Leave a Comment (64)

  1. The ignorant folk who “dislike” you and what this blog stands for are going to come out of the woodwork on this one.

    I for one thank you.

    I have never been to a slaughter house and probably never will but I can imagine how the experience was. I have participated in dressing a deer before, but I don’t think it really compares to the efficient nature of a commercial operation. Not too mention the sheer size of a cow.

    syoung68 | | Reply
  2. Thanks so much for posting this. I attended a session at a conference recently where I got to see a cow broken down by butchers, but I really have wanted to see the whole process from beginning to end. Now that I’ve seen your photos, I at least know in my head what it looks like. Thank you for sharing.

    jaye joseph | | Reply
  3. I know how you feel!
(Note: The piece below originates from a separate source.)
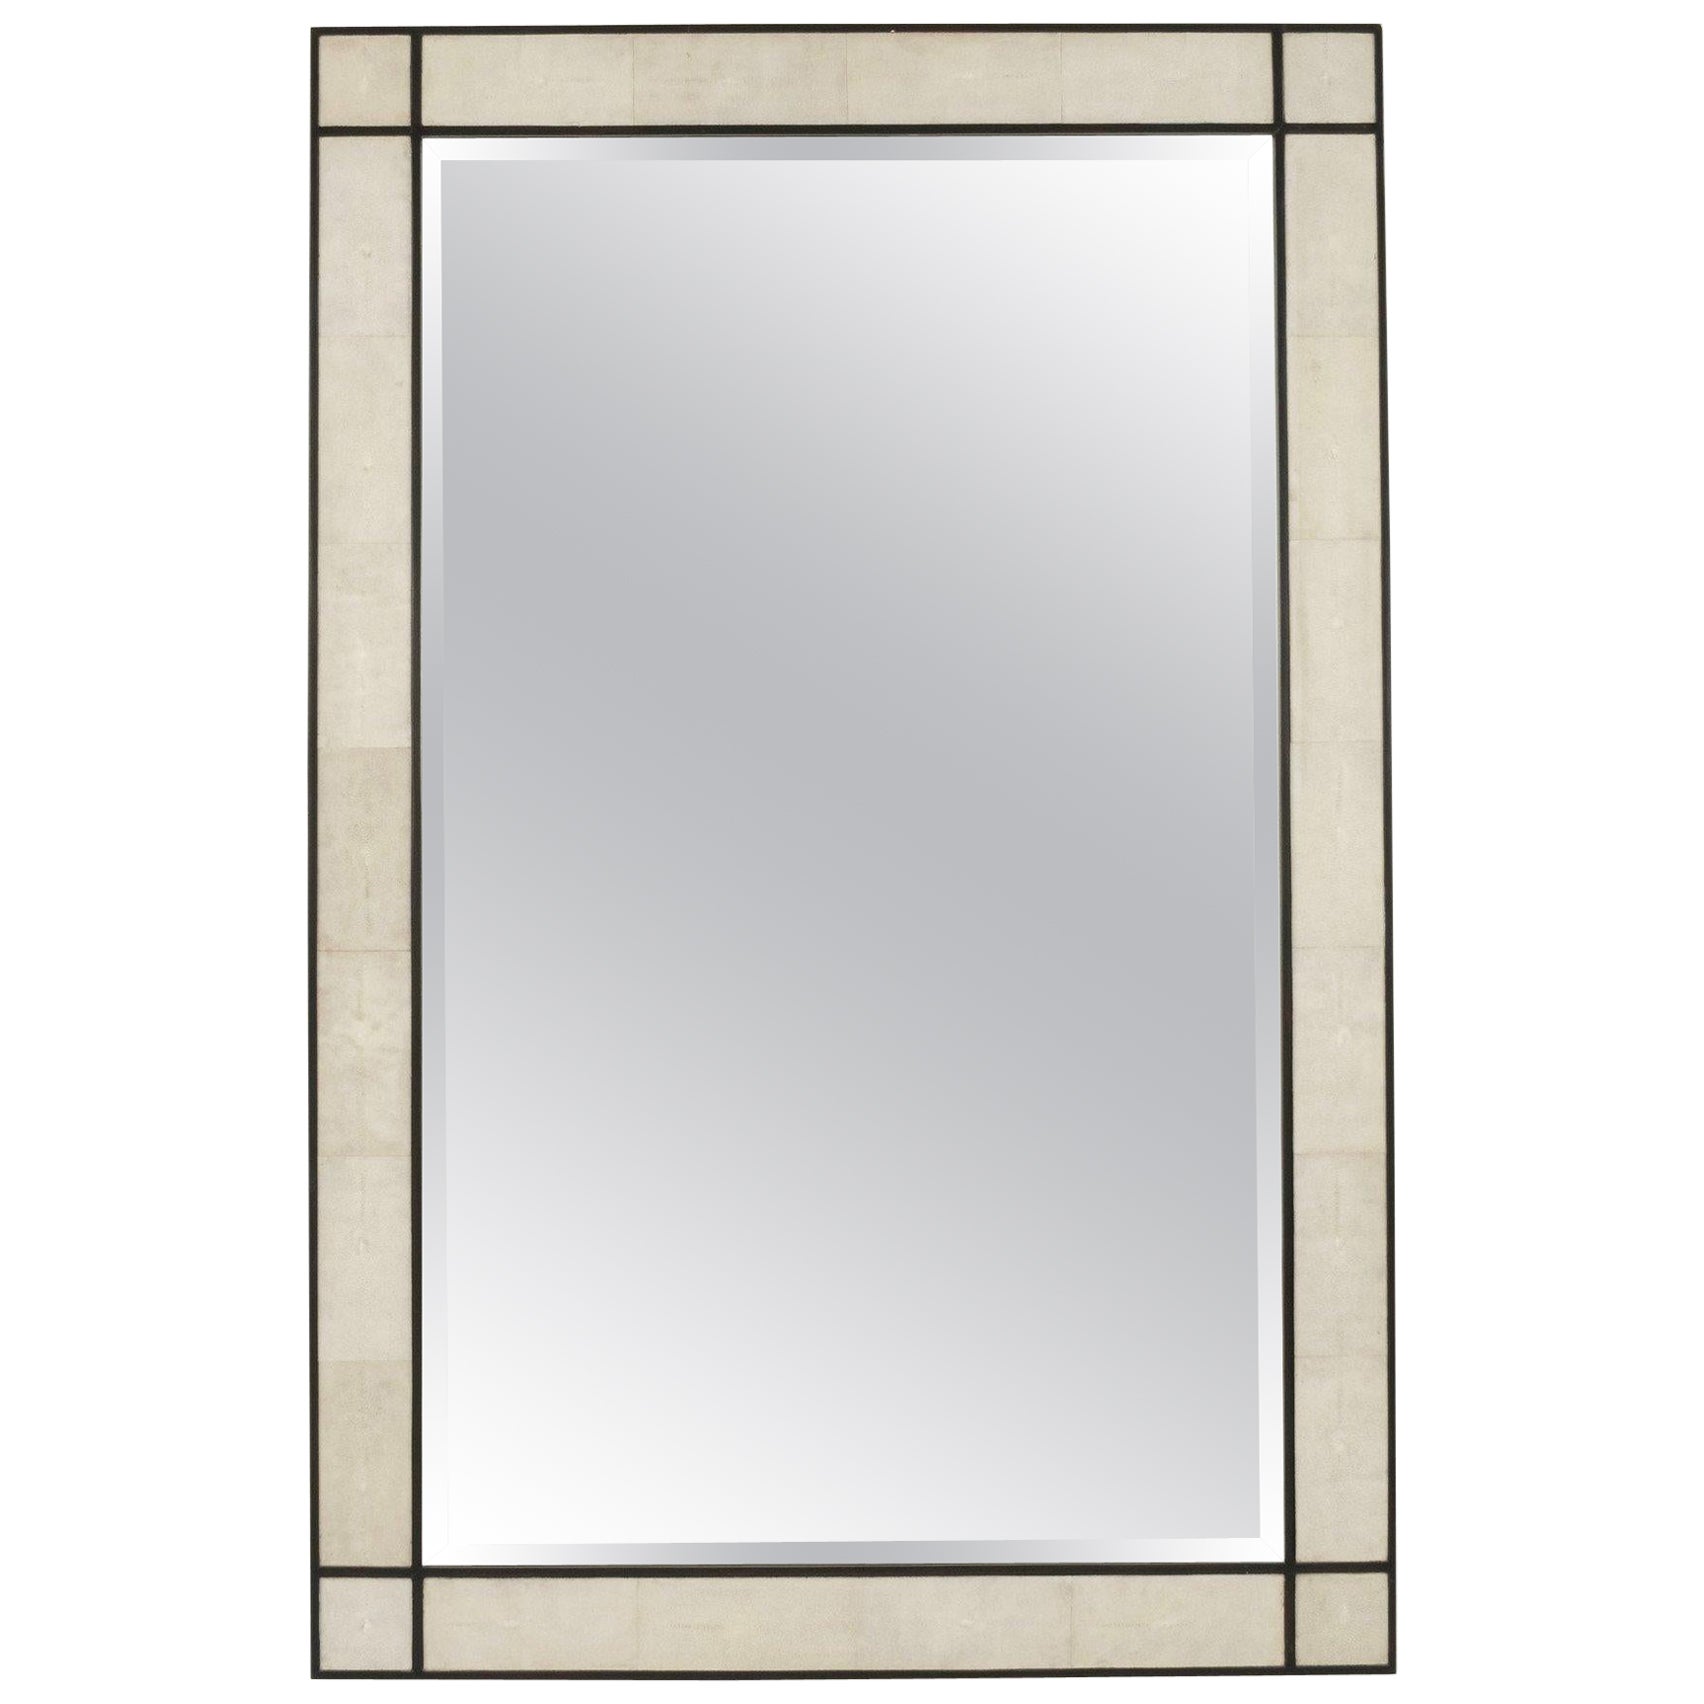 1970s Black White Shagreen Mirror
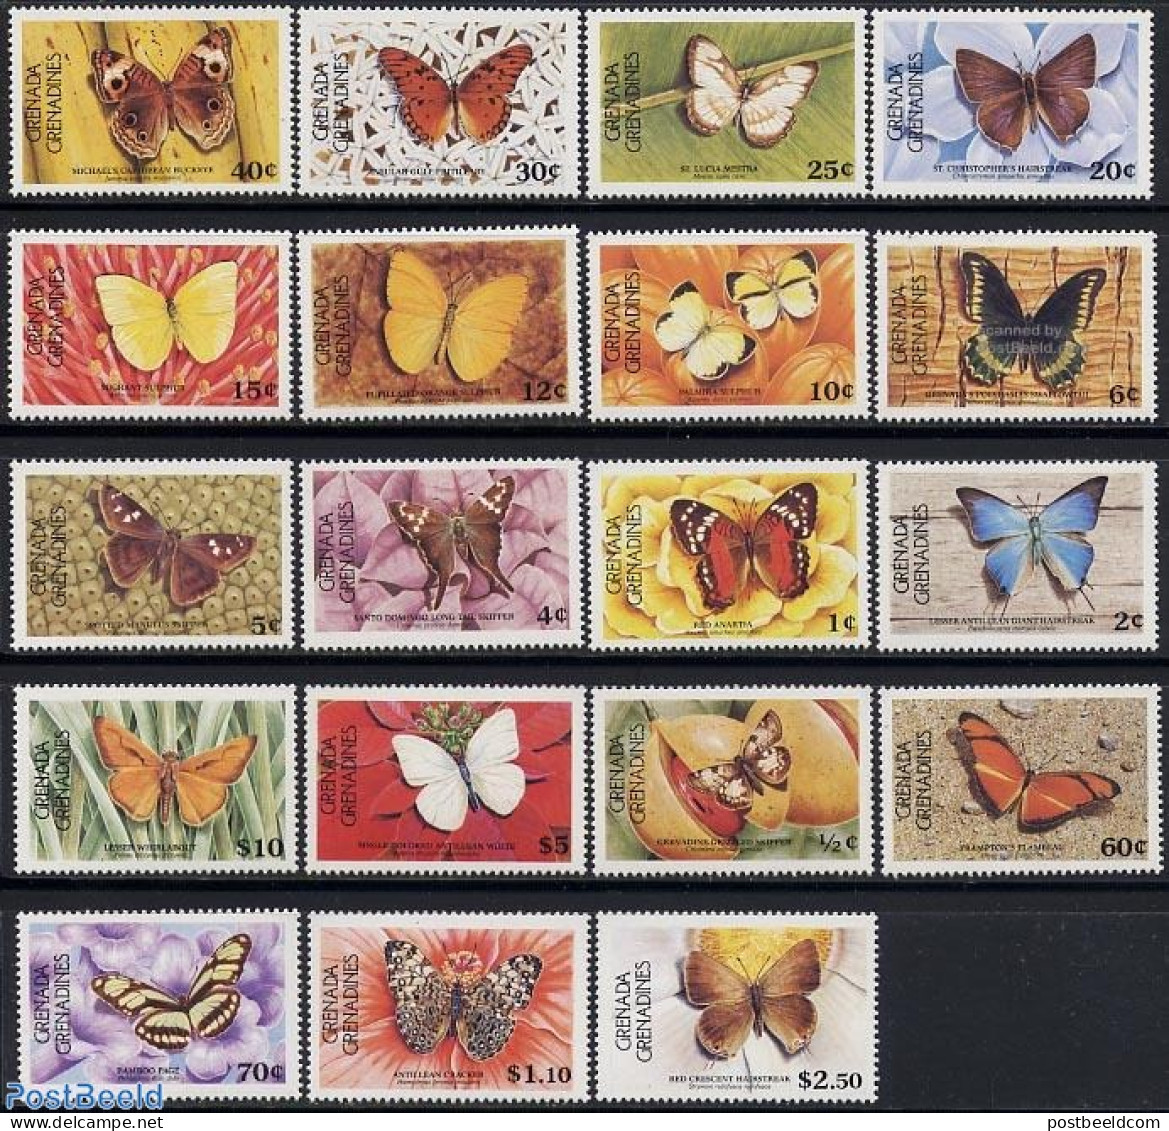 Grenada Grenadines 1985 Definitives 19v, Butterflies, Mint NH, Nature - Butterflies - Grenada (1974-...)

I dress and butcher deer, elk and antelope and it’s a pretty heady experience. Steer are HUGE; only the elk (or a moose or bison) comes close to the scale. I’ve never quite gotten over the transformation from animal to meat. It’s fascinating, disturbing and — oddly — relaxing all at the same time. The slow, and for me quiet, process of processing a beast into steaks and roasts, etc is as intimate a connection to where my food comes from as I can imagine. Bravo to you for doing it.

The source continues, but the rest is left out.